→ **Data shown**
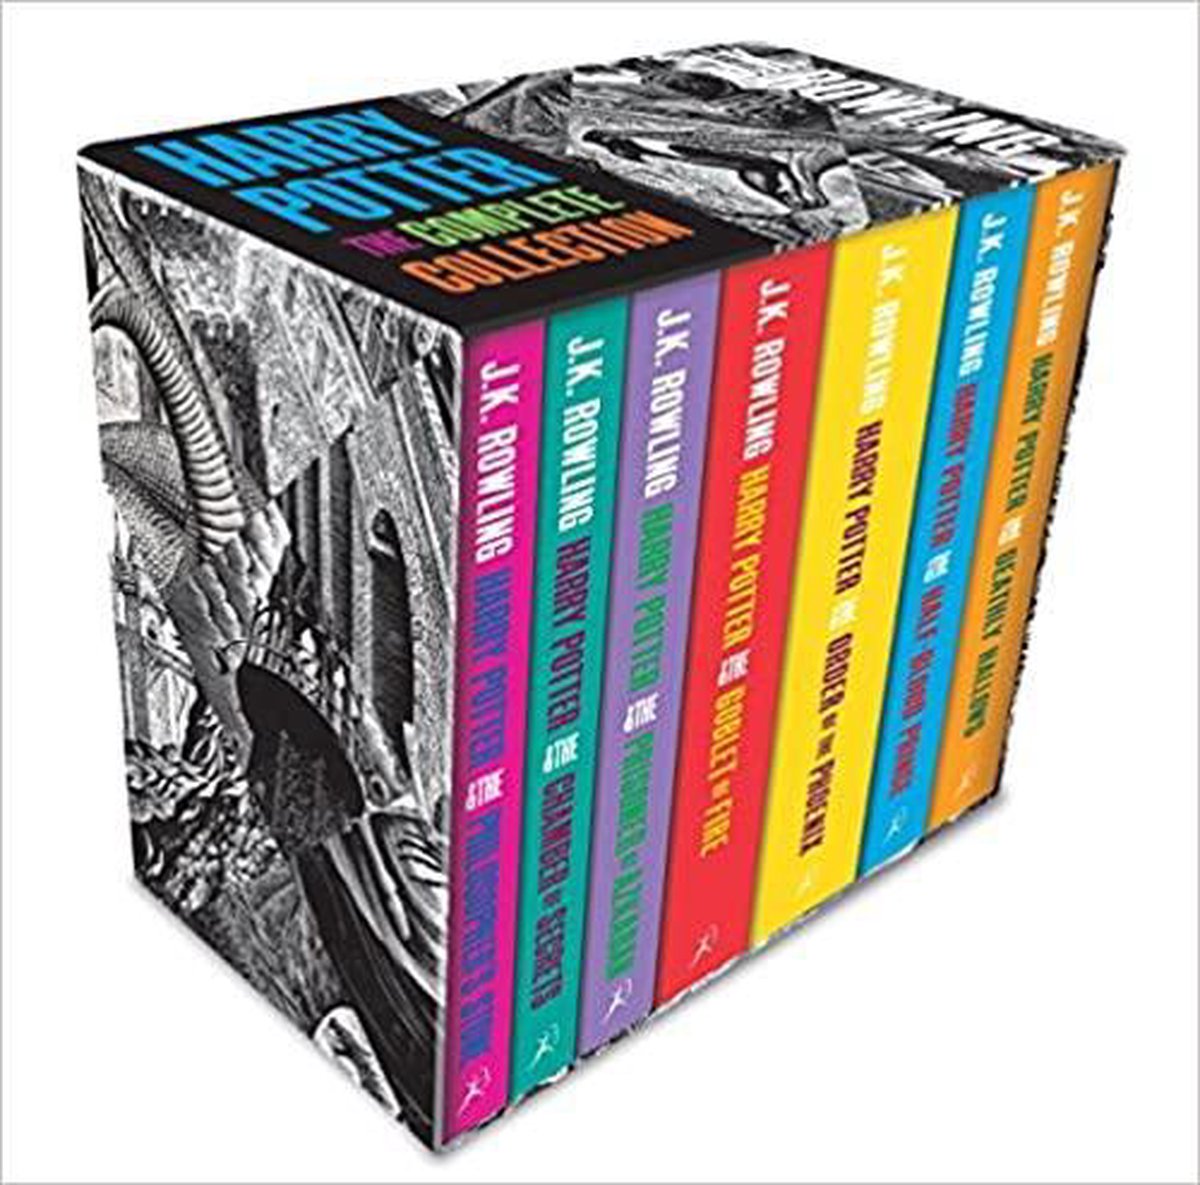 Harry Potter Boxed Set: The Complete Collection (Adult J.K. Rowling |...
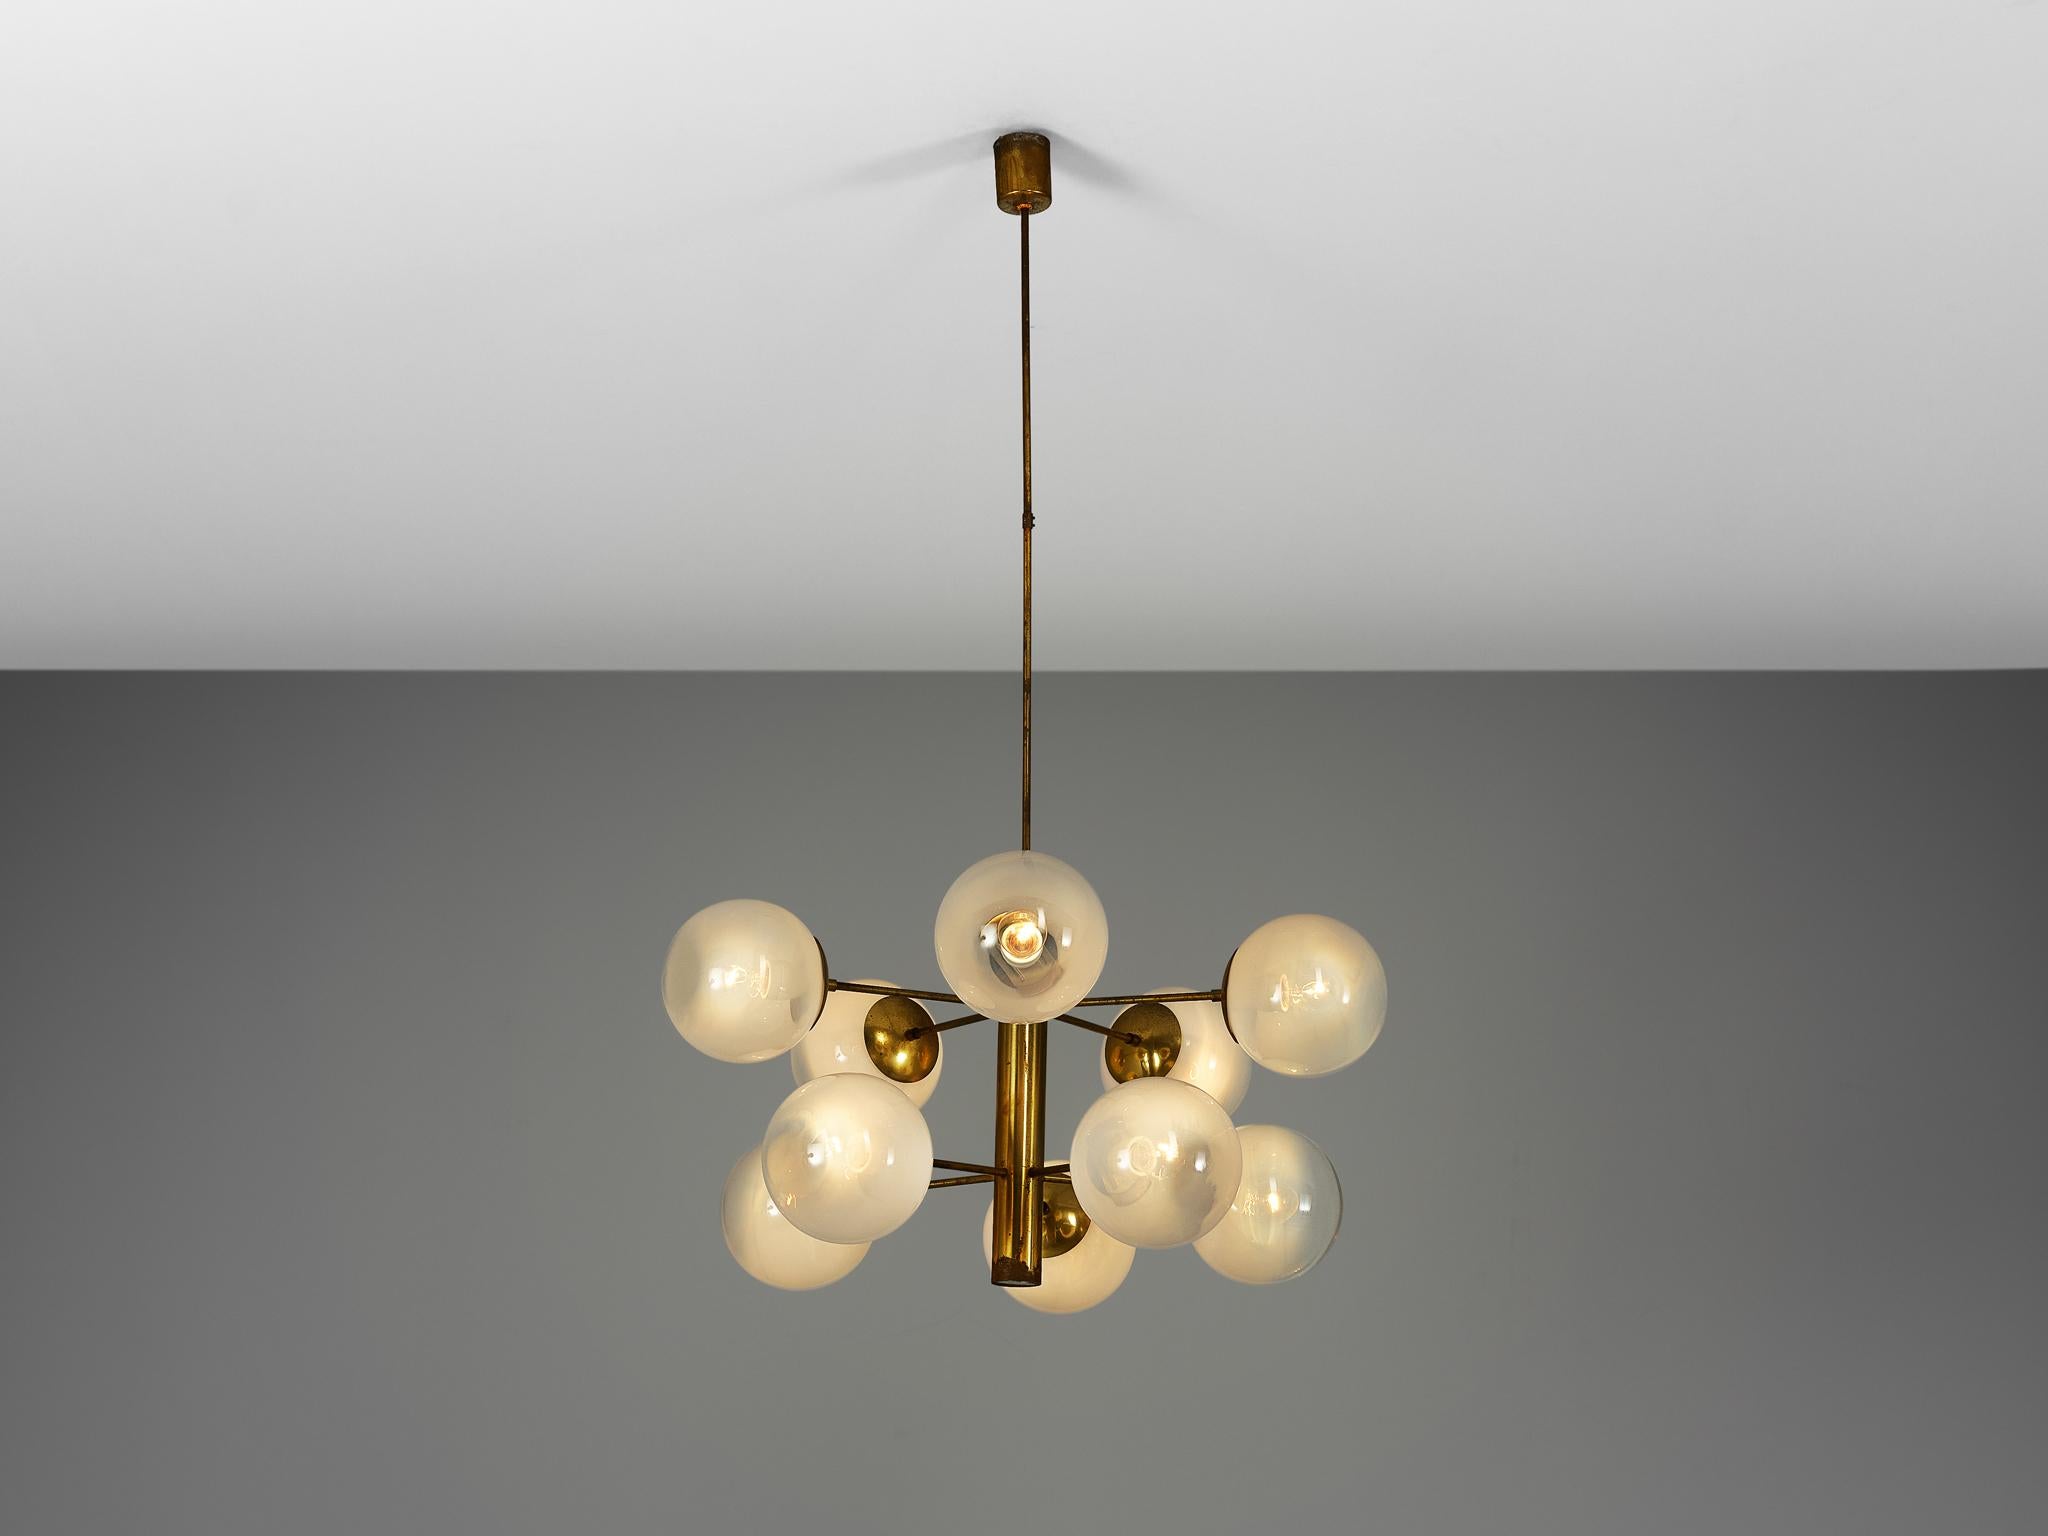 Sputnik chandelier, brass, glass, Europe, 1970s. 

This double layered Sputnik has ten wonderful glass globes. The chandeliers consist of a brass fixture with ten arms, all with a glass sphere. The brass shows an all-over patina. Due the
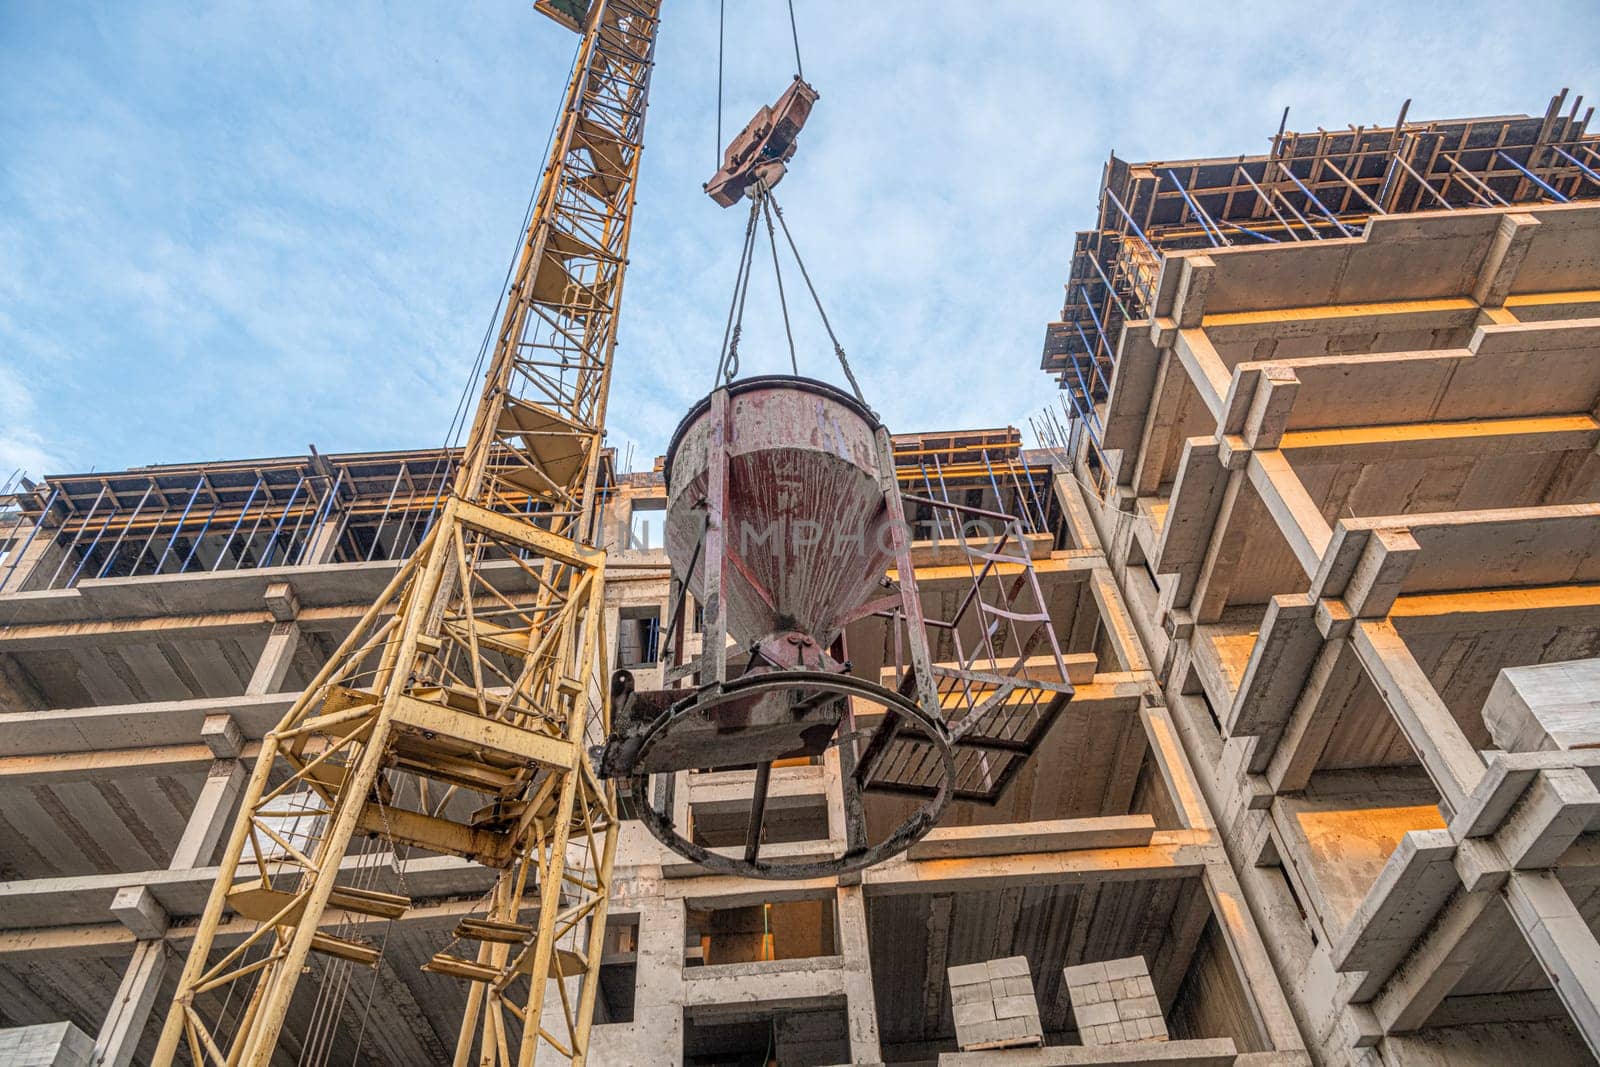 A low angle shot of a crane with equipment on a construction site with a new building infrastructure. Pouring concrete into a mold

→ **Work request**
Return the full material word for word. Do not include the pictures.

→ **Exercise result**
 Harry Potter Boxed Set: The Complete Collection (Adult J.K. Rowling |...
 Sputnik chandelier, brass, glass, Europe, 1970s. 

This double layered Sputnik has ten wonderful glass globes. The chandeliers consist of a brass fixture with ten arms, all with a glass sphere. The brass shows an all-over patina. Due the
 A low angle shot of a crane with equipment on a construction site with a new building infrastructure. Pouring concrete into a mold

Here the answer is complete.